Dans un précédent arrêt (AC.2014.0349 du 17 août 2015), la Cour de céans avait estimé que l’implantation d’un complexe comprenant notamment un EMS ainsi que des logements protégés était conforme à la zone d’intérêt général. Elle avait notamment considéré à cet égard que "les logements protégés présentent […] un intérêt général dans la mesure où ils constituent une alternative au placement en EMS et permettent de retarder l’entrée dans un tel établissement (voir art. 16 al. 1 de la loi cantonale d’aide aux personnes recourant à l’action médico-sociale, du 24 janvier 2006 [LAPRAMS, RSV 850.11], avec les avantages qui en découlent du point de vue social et économique" (arrêt précité consid. 7). Certes, dans l’affaire précitée, le projet comprenait également la construction d’un établissement médico-social qui gérait les logements en question, ce qui n’est pas le cas en l’espèce, le siège de la Fondation O.________ étant situé à ********.

Toutefois, la notion d’équipement public figurant à l’art. 2 RPQAM ne saurait être interprétée de manière restrictive. Comme le relève l’autorité intimée, la liste des activités ou équipements admis est uniquement exemplative de sorte que le règlement communal laisse une certaine marge d’appréciation à l’autorité pour déterminer les activités qui peuvent être admises parce qu’elles sont des activités ou usages traditionnellement admis dans une localité. Le législateur communal ne s’est donc pas montré aussi restrictif que dans l’hypothèse où il crée une zone spécifiquement réservée à l’équipement public puisque d’autres activités, y compris commerciales sont admises.

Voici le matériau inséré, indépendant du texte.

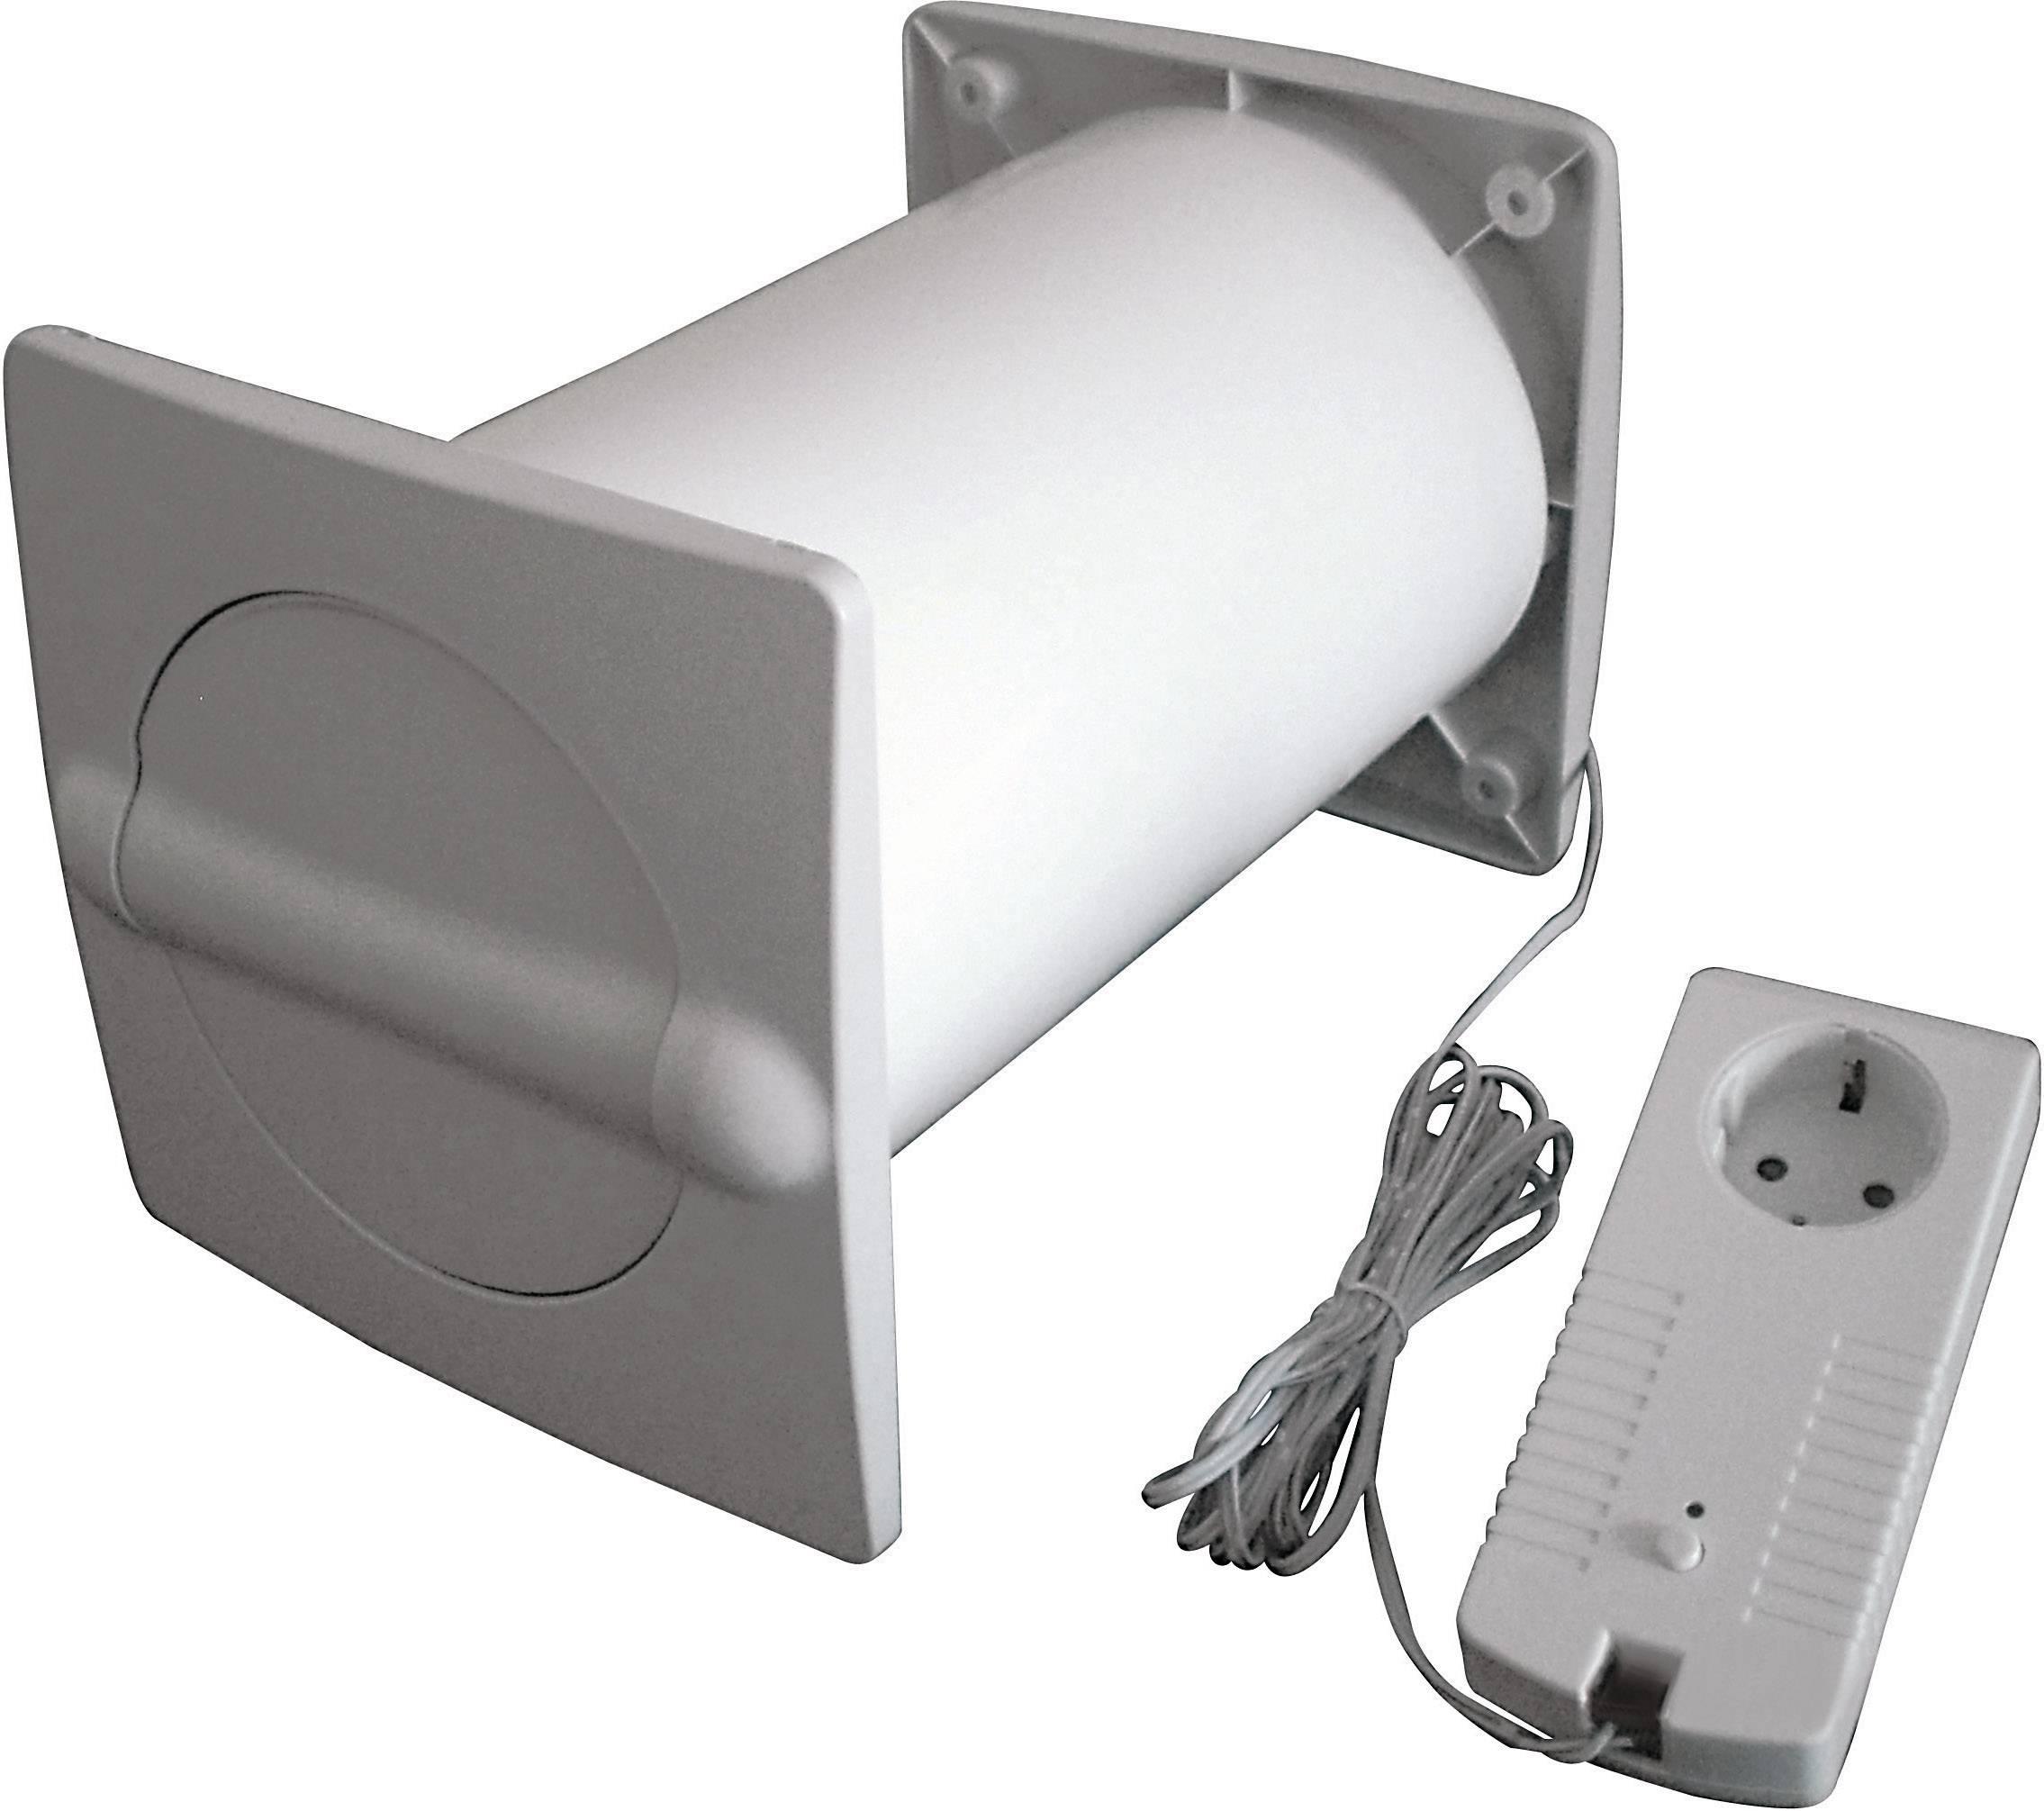 Energeticky úsporný nástenný ventilátor Wallair N37216, vhodný pre trubice s Ø 125 mm, umelá hmota
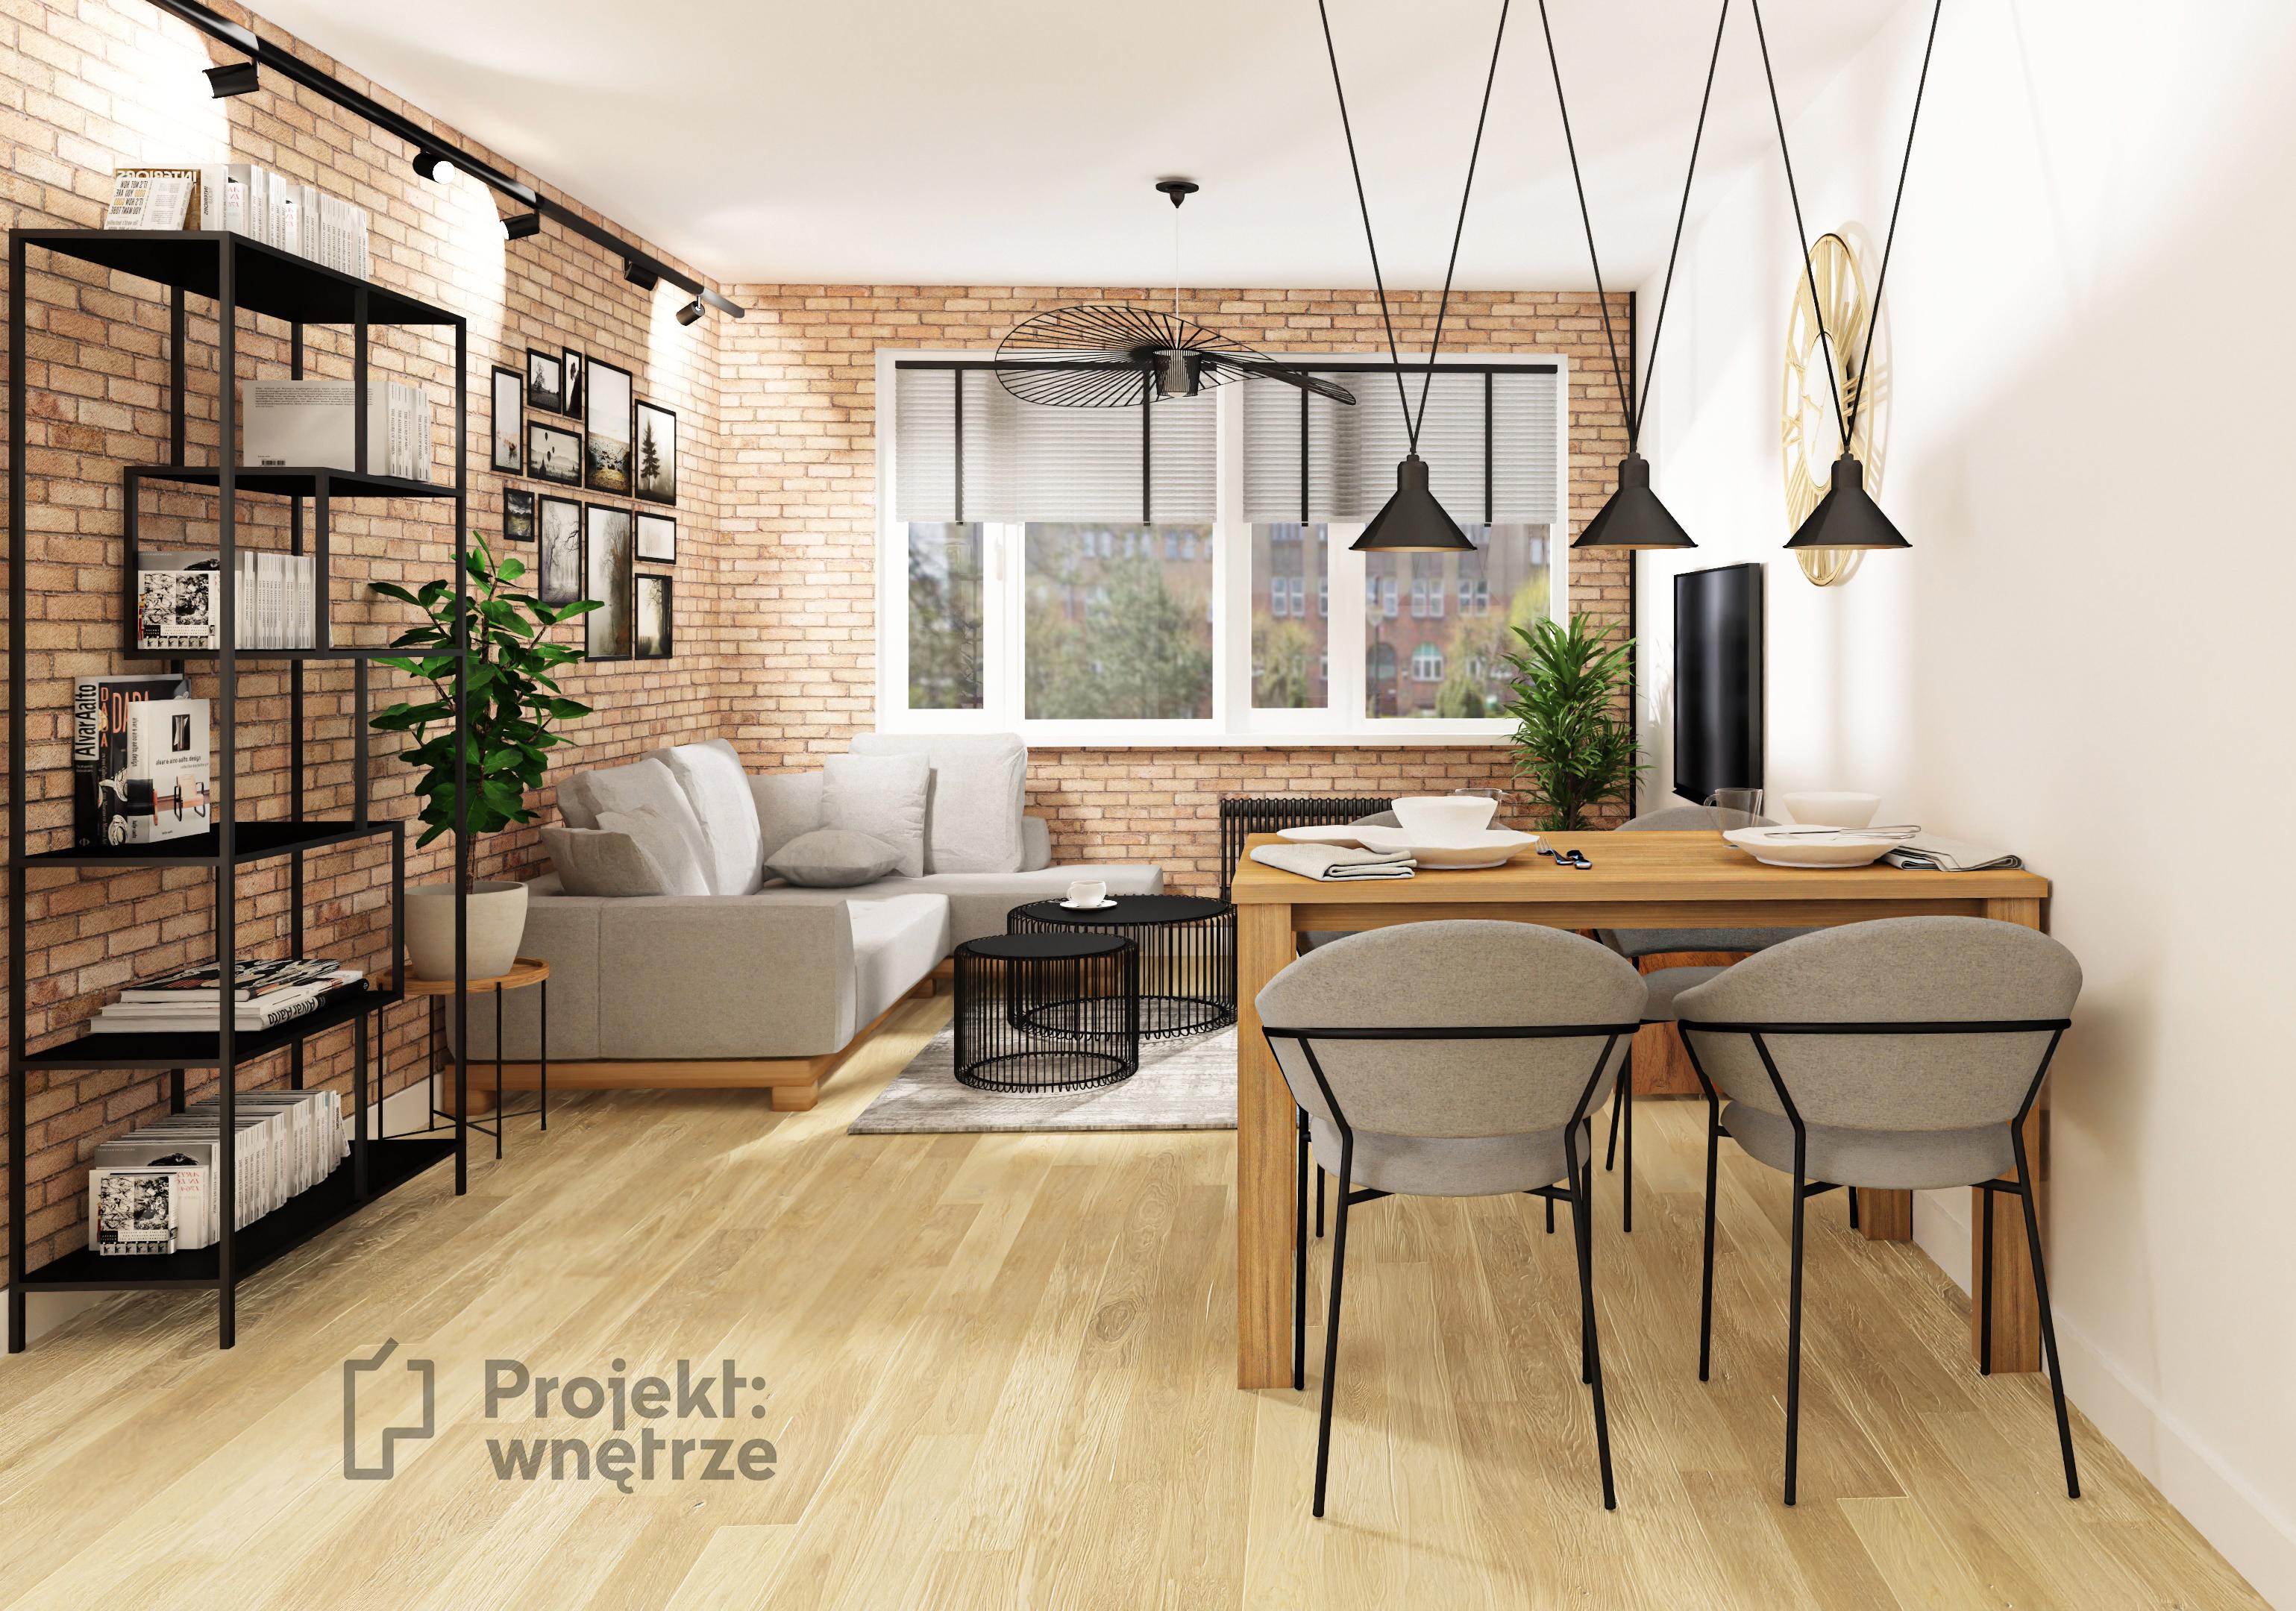 Kawalerka loft - małe mieszkanie cegła szarość czerń - salon z aneksem - PROJEKT: WNĘTRZE www.projektwnetrze.com.pl

Dans ce contexte, la création de logements protégés, qui obéit à un intérêt public compte tenu du vieillissement de la population, est compatible avec l’affectation du rez-de-chaussée prévue par l’art. 2 RPQAM, en particulier avec la notion d’équipements publics et collectifs. Le grief des recourants doit donc être écarté.

Quant à la cantine scolaire également prévue au rez-de-chaussée, elle constitue manifestement un équipement public au sens de l’art. 2 RPQAM. Il est au surplus sans pertinence du point de vue de la règlementation applicable de savoir si cet équipement est indispensable aux besoins des élèves fréquentant les établissements scolaires des environs, ce que contestent les recourants.

4.                      a) Le projet de construction litigieux prévoit une salle de réunion d’une dimension de 195 m2 qui, selon les prescriptions contre les incendies, pourrait accueillir jusqu’à 200 personnes.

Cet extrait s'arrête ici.